--- DATA SEGMENT ---
*** Begin section ***

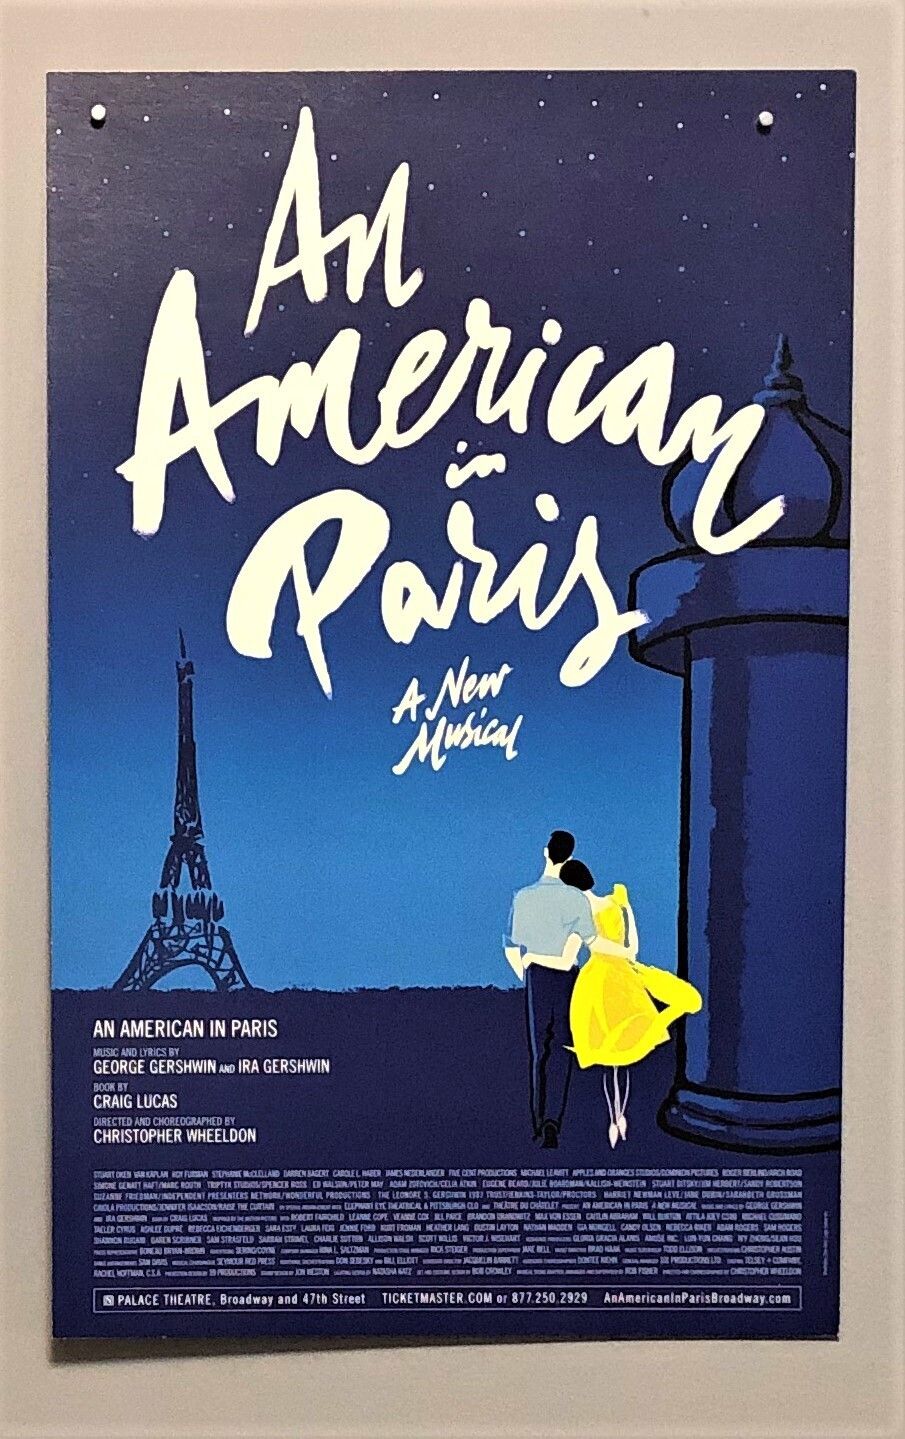 Theater an american in paris
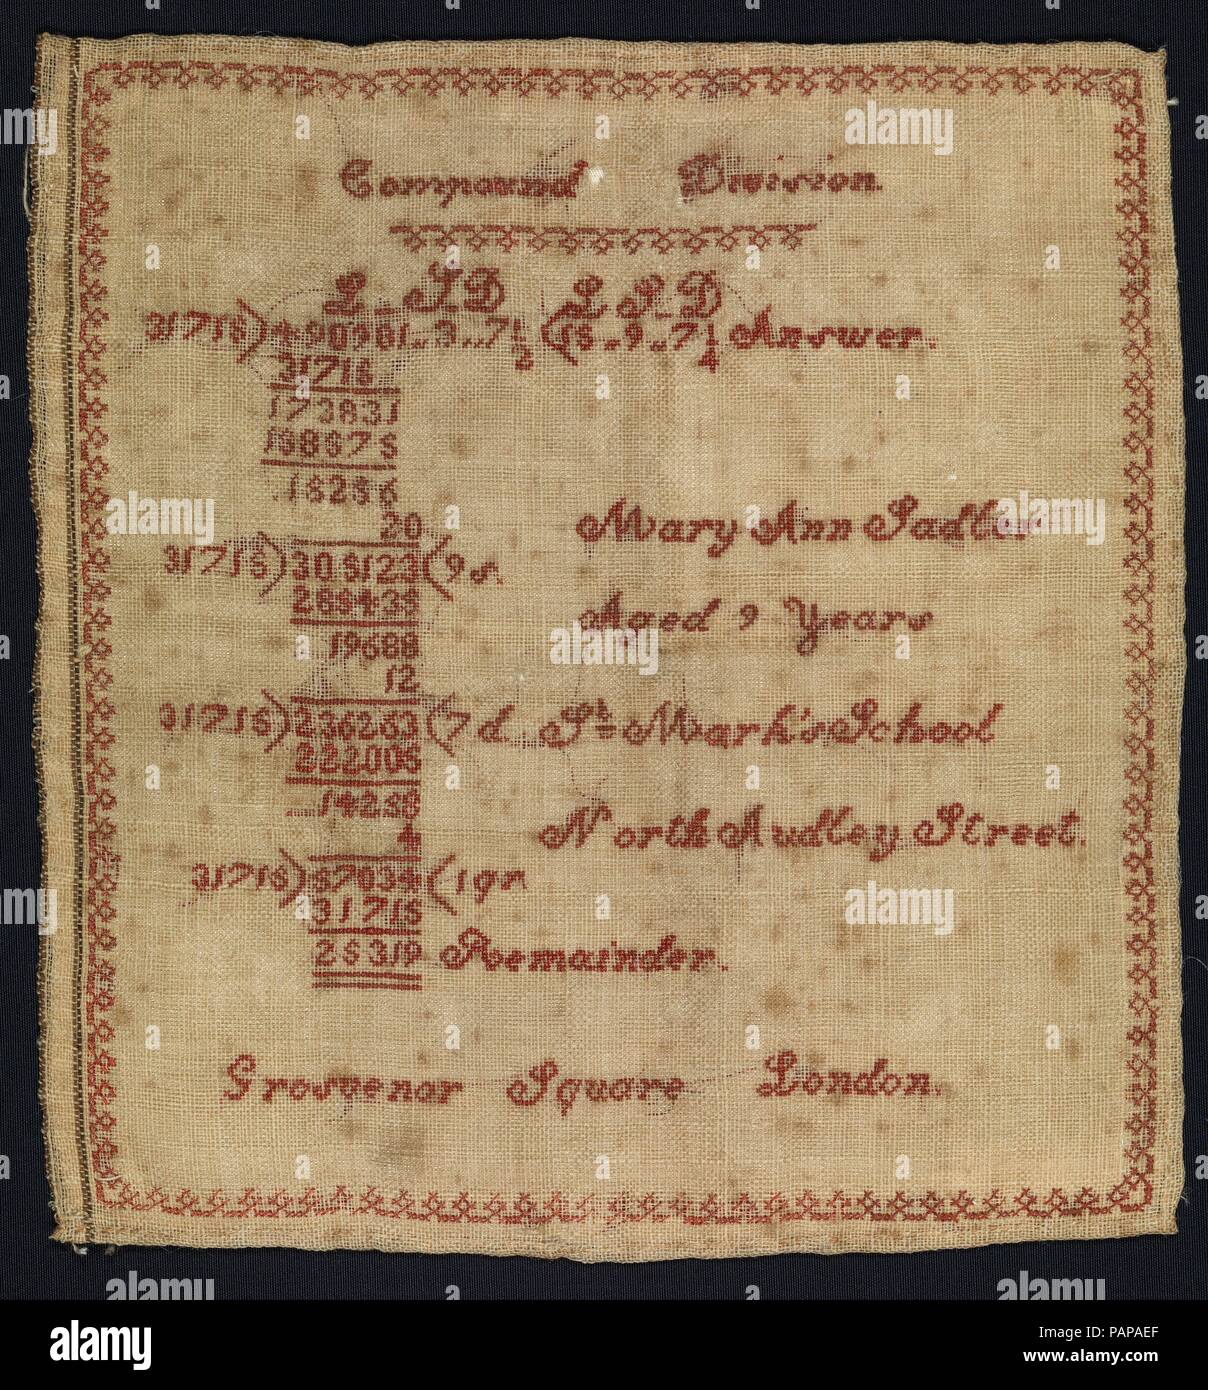 Sampler with compound division equation. Culture: British, London. Dimensions: H. 6 3/8 x W. 6 3/4 inches (16.2 x 17.1 cm). Maker: Mary Ann Sadler. Date: mid-19th century.  We may never know what inspired nine-year-old Mary Ann Sadler to convert her mathematics equation into embroidered form. The problem is worked on the basis of the British monetary system using British pounds, shillings, pence (pennies) and farthings. Mary Ann was a student at St. Mark's School, which was located next to St. Marks's church on North Audley Street off of Grosvenor Square, near Hyde Park. The school opened in 1 Stock Photo
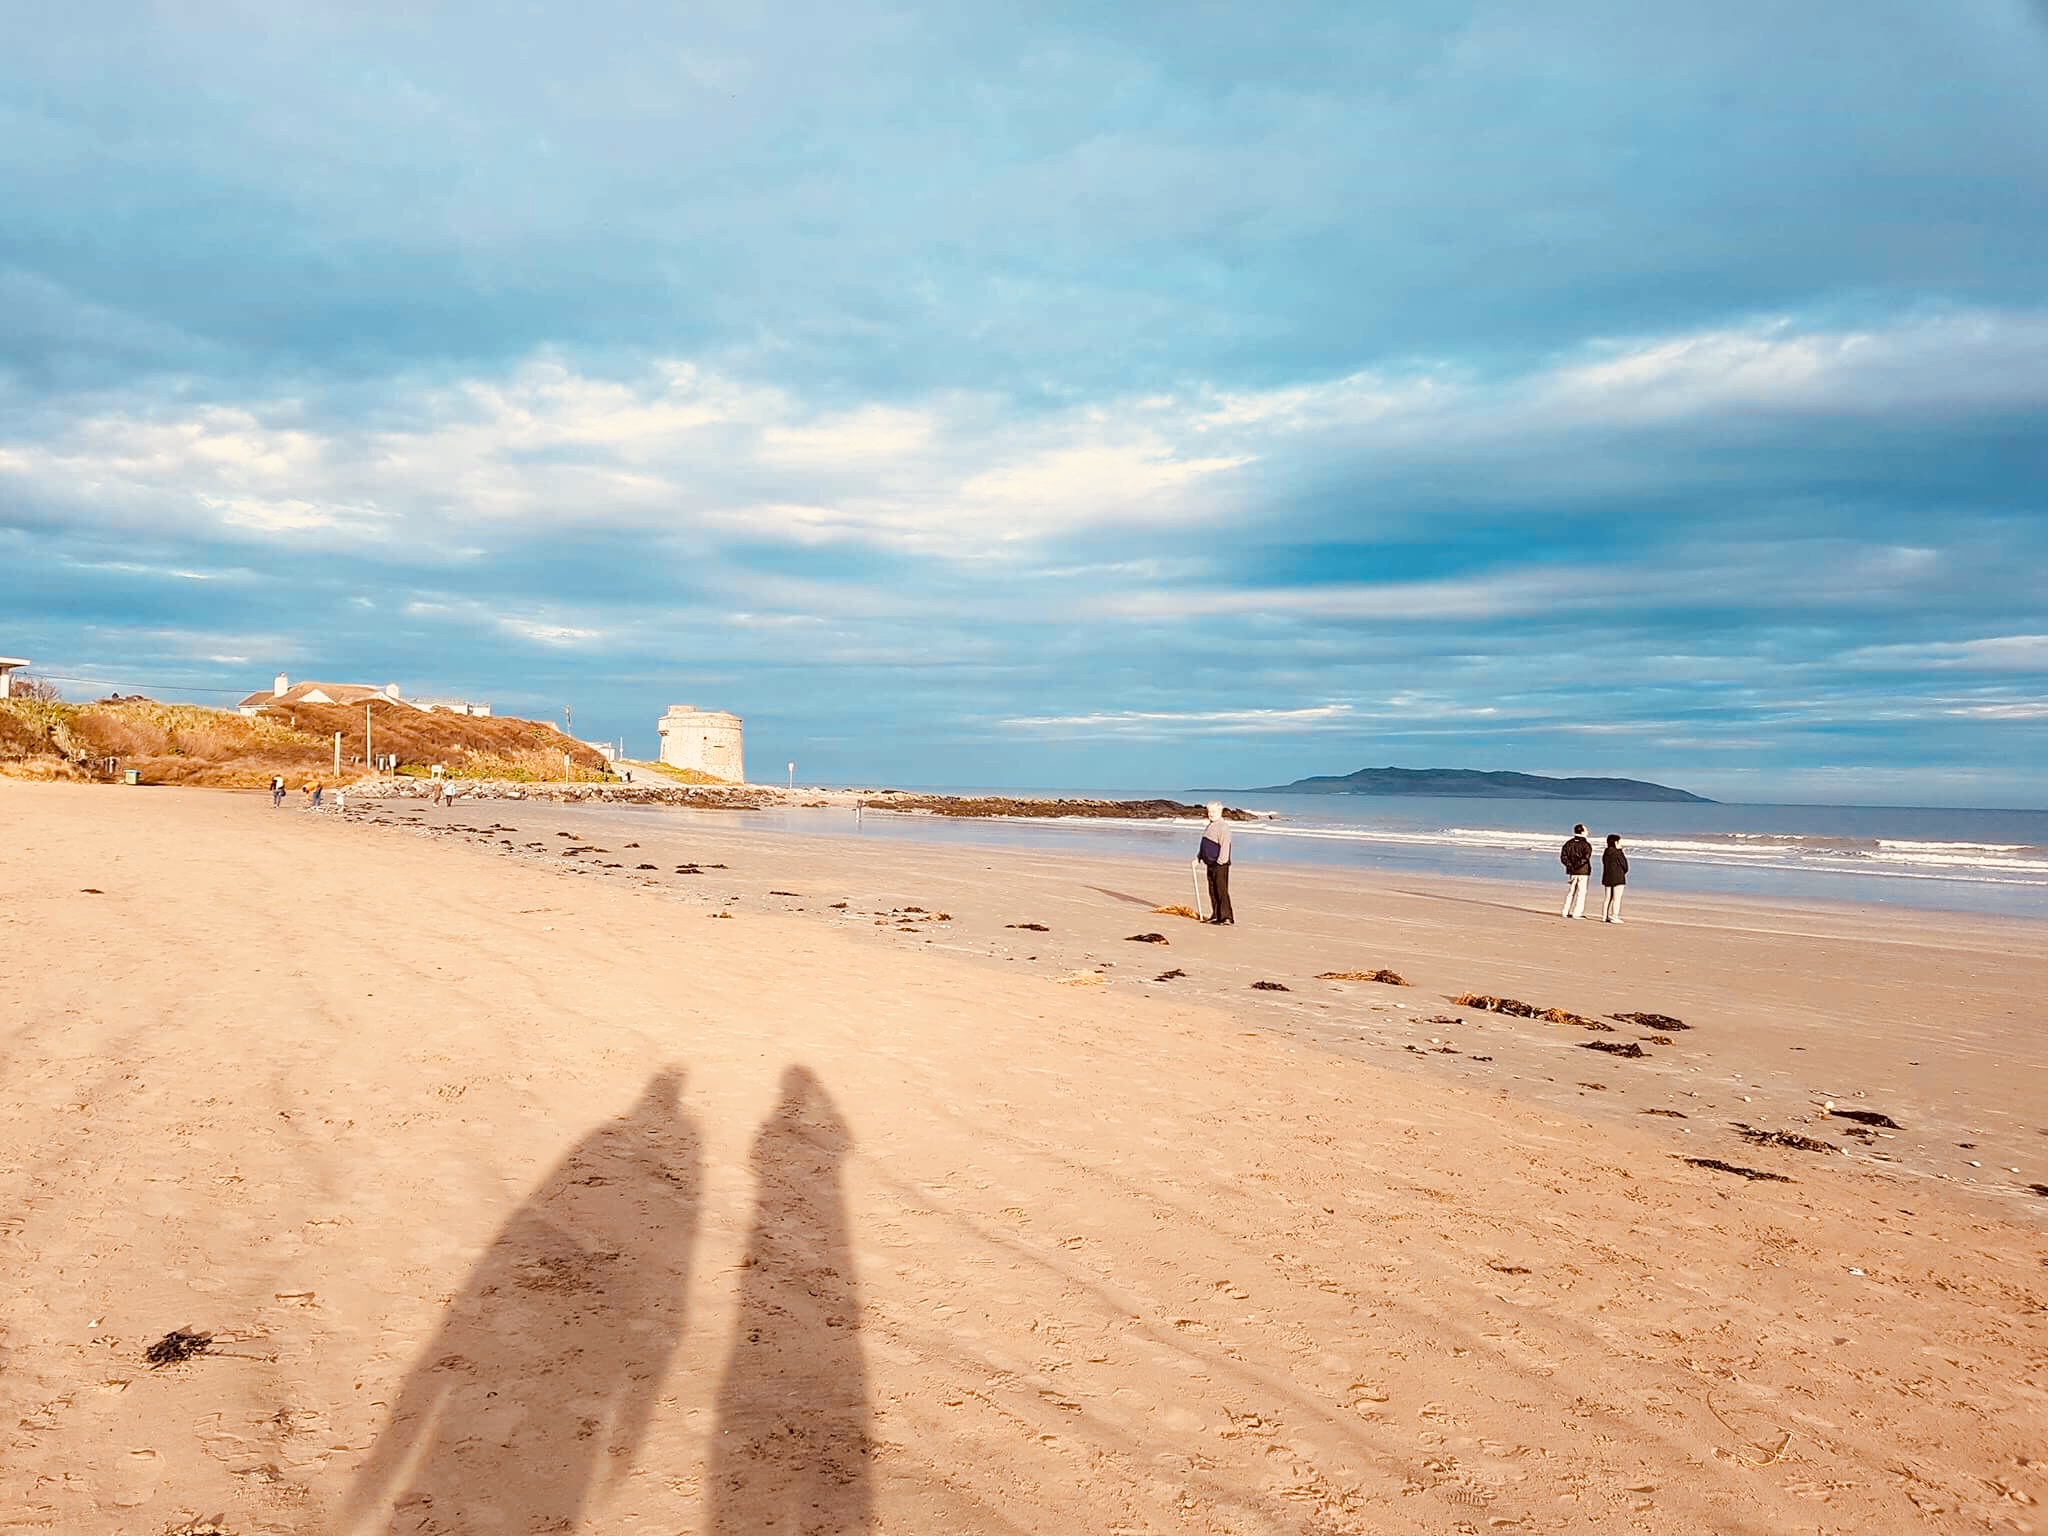 Day out - Traveller Reviews - Donabate Beach - Tripadvisor

*** End section ***

--- REQUIREMENT ---
Apart from the images, print all the material above exactly as given.

--- TASK OUTPUT ---
 Theater an american in paris
 Sampler with compound division equation. Culture: British, London. Dimensions: H. 6 3/8 x W. 6 3/4 inches (16.2 x 17.1 cm). Maker: Mary Ann Sadler. Date: mid-19th century.  We may never know what inspired nine-year-old Mary Ann Sadler to convert her mathematics equation into embroidered form. The problem is worked on the basis of the British monetary system using British pounds, shillings, pence (pennies) and farthings. Mary Ann was a student at St. Mark's School, which was located next to St. Marks's church on North Audley Street off of Grosvenor Square, near Hyde Park. The school opened in 1 Stock Photo
 Day out - Traveller Reviews - Donabate Beach - Tripadvisor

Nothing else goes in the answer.